Gibbs blew through the office with a coffee in one hand and his jacket in the other, announcing, "Navel test pilot, Pax River. Let's move."
Like obedient ducklings, his team fell in behind him. Ducklings. Damn it. No. He'd been a duckling once, long ago in a land far away. He tried to ignore that he had used his own teams as mercilessly over the years as Tyotia had used Vanya and Zhenya and their Jenny Bird. It was too uncomfortable to reflect that he'd done as bad with less reason.
Since he'd left the realm of the Duchess of Deception, Gibbs had learned to lie to himself at least as well as he did anyone else.
The locals had the crime scene blocked off as much as possible. Traffic was shifted to a single lane back and forth behind a follow car. At least one jackass was using his car horn to bray.
Unless Palmer found something to contradict it, Gibbs would bet the incident occurred between midnight and four. The base received plenty of traffic and a passerby had noticed the tire marks and stopped to check the crashed vehicle shortly after dawn on his way to work there.
The morning was just heating up with the sun reflecting off the official vehicles drawn to the scene like flies. The olive-green and black cruiser blocking the second lane had its flashers lazily cycling red and blue. Gibbs slowed and showed his NCIS ID to the trooper and was waved through. McGee and the truck had caught up when Gibbs slowed down.
Torres climbed out of Gibbs’ Charger looking a little unsteady. Bishop had chosen to ride with McGee.
"McGee, laser and sketch. Torres, pictures and video. Don't just stand there, do your jobs," Gibbs snapped at them. "Bishop, with me."

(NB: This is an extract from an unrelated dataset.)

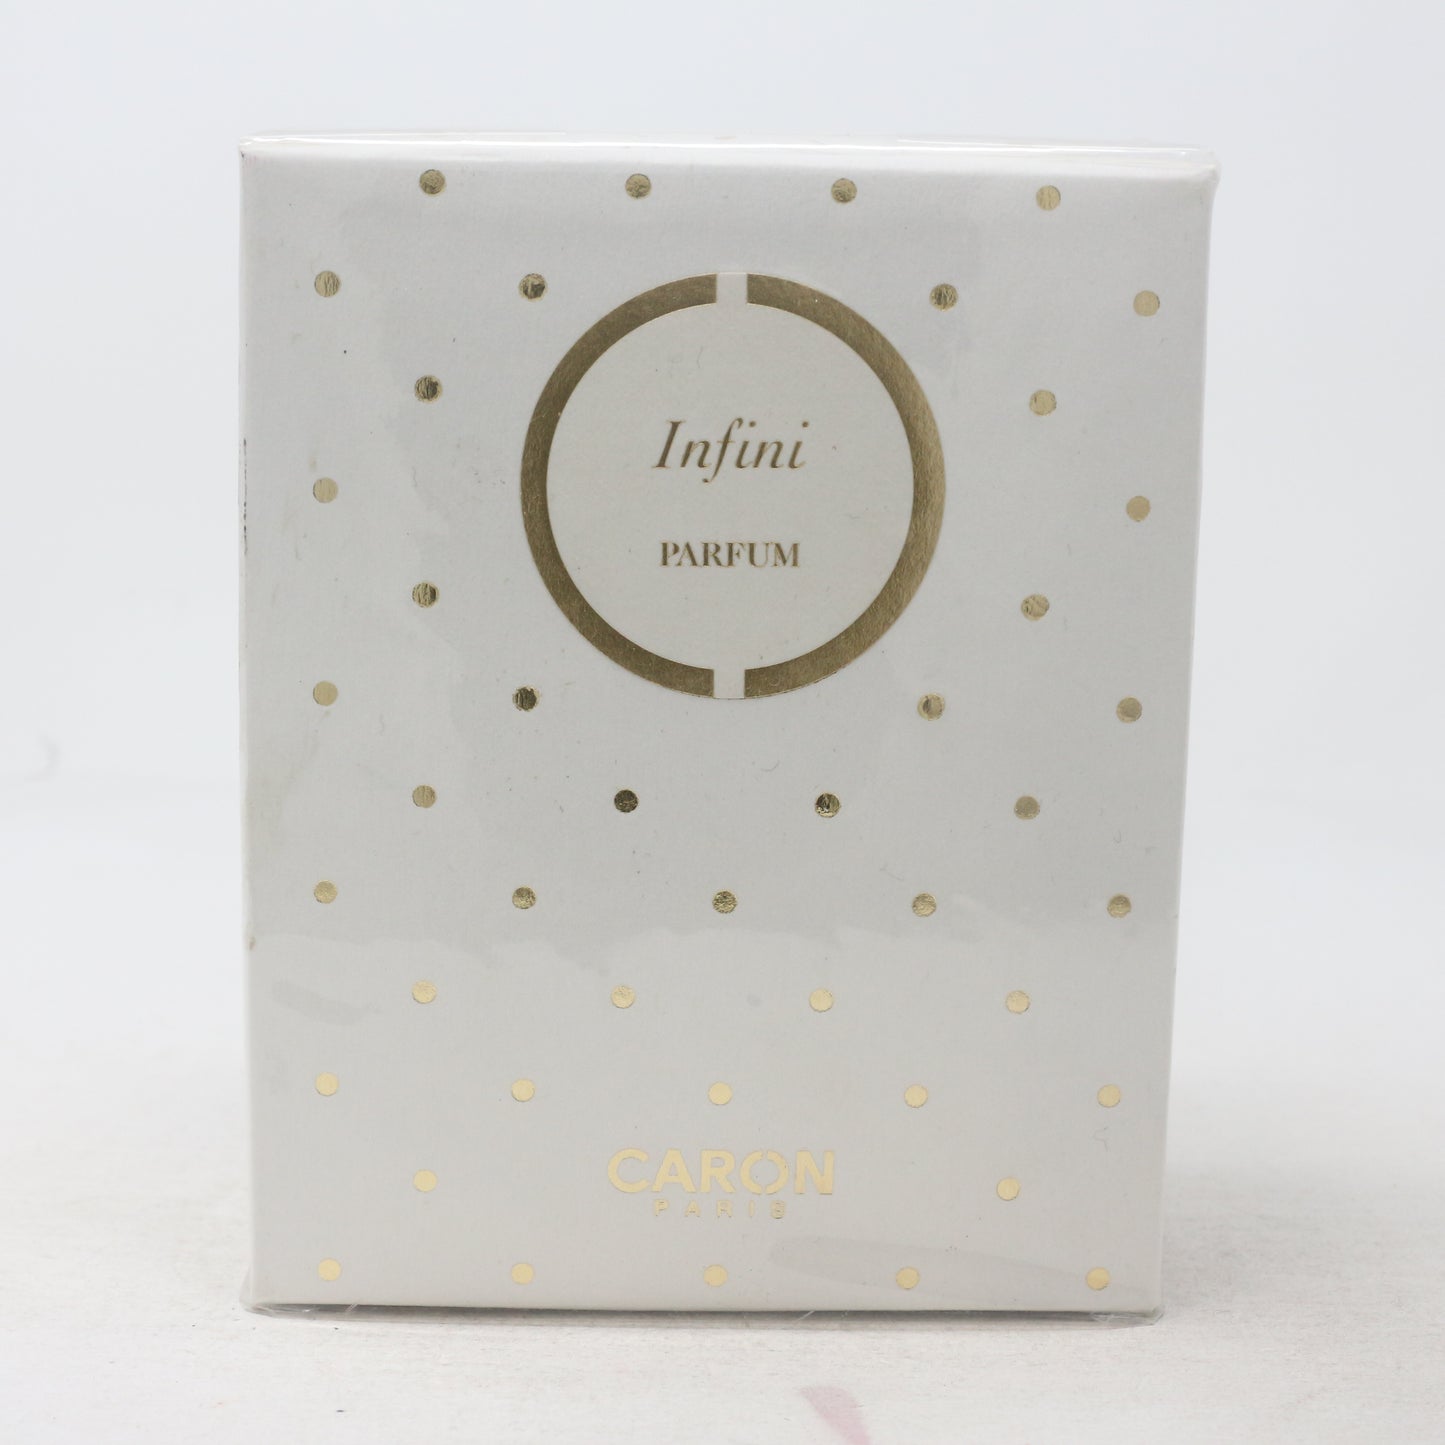 Caron Infini Parfum 0.5oz/15ml New In Box
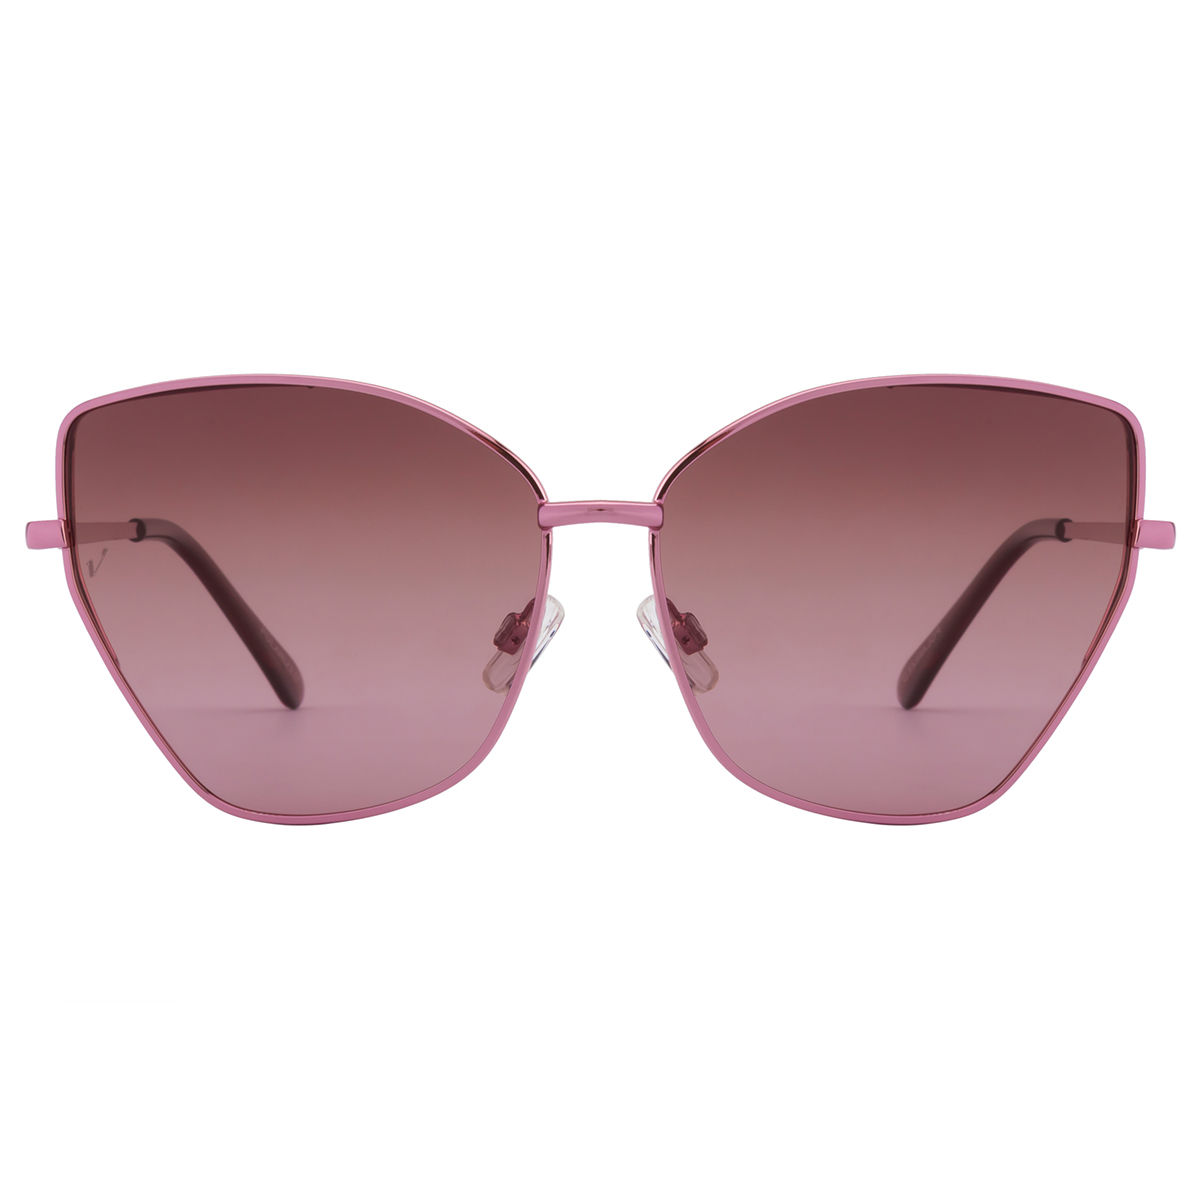 Top more than 130 velocity polarized sunglasses

He noted the heavy skids marks on the pavement, the broken railing along the mild embankment, and the place where another vehicle had parked. Glass glinted bright enough to be fresh.
"I want tire casts, and make sure Torres gets pictures of any shoe prints," he reminded Bishop. The long grass beyond the safety railing was mashed down and just beginning to straighten in places. Not good for foot prints, but they might get something down where the sky-blue sports car had rolled into the ditch if the ground was moist.
The Maryland State Police Sergeant running the scene was younger than Gibbs but lately it felt like everyone was. At least he wasn't some kid; he was a stocky six-footer with a salt-and-pepper crewcut, spit-shined shoes, and an ironed-sharp uniform.
"Arbaugh." He nodded toward the rolled car. "Kid on his way to work at the base spotted it. Manny Lopez. Parked on the other side of the road, phoned it in and then went down to check for survivors. He stayed on the phone the whole time."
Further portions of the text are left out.